Exploring the Unknown - Thoughts on Science, Persistence, and Progress
Imagine sitting around a table with some of the world's experts on Antarctic ecology. All in all, including everyone at the table, we’re talking probably a few hundred scientific publications and nearly as many years of working in and around Antarctica. This is where I found myself several years ago, serving to support some of their technical mapping needs. The goal for everyone at this meeting was relatively simple sounding: to identify important areas to protect in and around the Ross Sea, a special part of Antarctica found about 2,000 miles due south of New Zealand.
Figure 1. A map of the Ross Sea region, Antarctica, with inset showing the entire continent.
One of the largest pressures exerted by humans around the Ross Sea is the appetite for a fish many of us equate with fancy restaurants and delicate flavors - Chilean Sea Bass - which you can buy at your local Whole Foods for $40 a lb. But the Antarctic toothfish, its real name, is not only important to the fishing industry. It’s an important player in the Ross Sea, serving as a primary food source for seals and killer whales and also as a big predator itself of other fish. So it wasn’t a surprise that everyone around the table was discussing how they might protect areas that were important for the toothfish. But when the experts were asked very basic questions about the life and distribution of this fish I was a bit shocked at their responses.
It was asked where or when the Ross Sea toothfish population lay and fertilize their eggs (this is called spawning). The answer was that we did not know. In fact toothfish eggs, larvae, and small juveniles had never been found or caught in the decades of fishing and research happening in the area. When asked about other basic life history traits of this species, like where it might travel across different seasons, again the same answer came up: We don’t really know.
Figure 2. An Antarctic Toothfish. The ecological picture of this species is still a very much incomplete picture But much progress is being made. Photo by Rob Robbins via https://www.colto.org/2016/07/06/ross-sea-winter-survey-finds-spawning-antarctic-toothfish/
Keep in mind that this was not an obscure species that had just been discovered. There was an active fishery that had a target goal of reducing the adult breeding population to 50% of pre-fishing levels - without even knowing where they spawned. This target of 50% was and is seen as sustainable. However, the toothfish picture was very much incomplete. But looking back, this lack of basic information was not really shocking after all - the Ross Sea is one of the most extreme places on Earth, especially in the winter, and the toothfish occurs at the bottom of this freezing ocean. It’s really difficult to collect data when there’s zero sunlight and it’s -70 degrees outside. The lack of knowledge on this fish was not for lack of trying, it was because studying this fish meant pushing the limits of where humans could go or where our technology could take us. Despite these obstacles the experts at the table were determined to keep trying. And thanks to these patient and persistent researchers, slow but steady progress has been and is being made on what is known about the toothfish.
The experience that day made me look at my own study species, the Adélie penguin, in a different light. Although the Adélie is one of the best studied seabirds on the planet, almost all studies are focused on its nesting season when it is on land and relatively easy to observe (if traveling to Antarctica and braving snow and windstorms can be called “easy”). But in the Ross Sea very little is known about what Adélie penguin life is like in the winter when it leaves land and migrates out into the frigid dark waters of the Antarctic for 8 months to find food. In other words, my own study species has a big gaping 8-month “ecological knowledge hole” in it (that's a technical term). It was a little embarrassing at first, then humbling, to realize this.

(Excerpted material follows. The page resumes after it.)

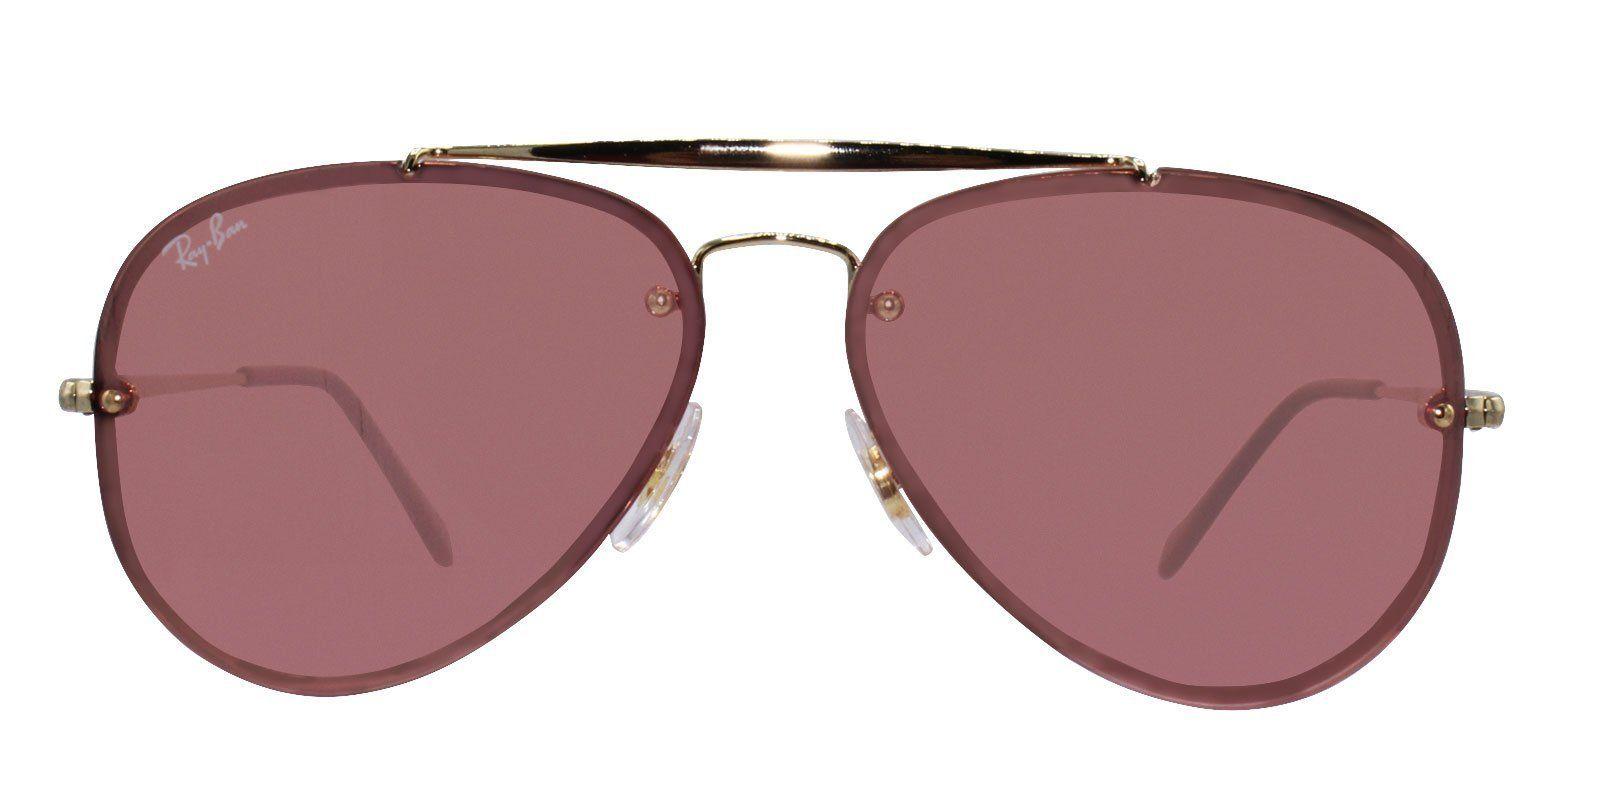 0ed2f83999 Ray Ban - RB3584N Gold - Pink sunglasses

Figure 3. Adélie penguins head out to the Ross Sea on their way to hunt for food. The winter ecology of this species is very much an incomplete picture. Photo by D. Jongsomjit
Where do these penguins go exactly? How do they migrate? How do different things in the environment affect their travels? These are all very basic ecological questions, but conditions in Antarctica have not made them easy to answer. Over the past couple of decades ecologists have tried to answer these questions and have made slow steady gains. Without the previous meeting experience, without seeing first hand how persistence leads to scientific progress, I might have been more hesitant to try to help tackle these questions. I might have just thought it’s just too difficult, not worth it. But the experts at that meeting and penguin researchers before me did not give up, inspiring me to set out to continue seeking some answers. Today, my thesis work is focused on understanding the winter migratory movements of Adélies. It will take a big team of people all working together and it will not be easy. But with a little persistence I’m confident we can keep making progress.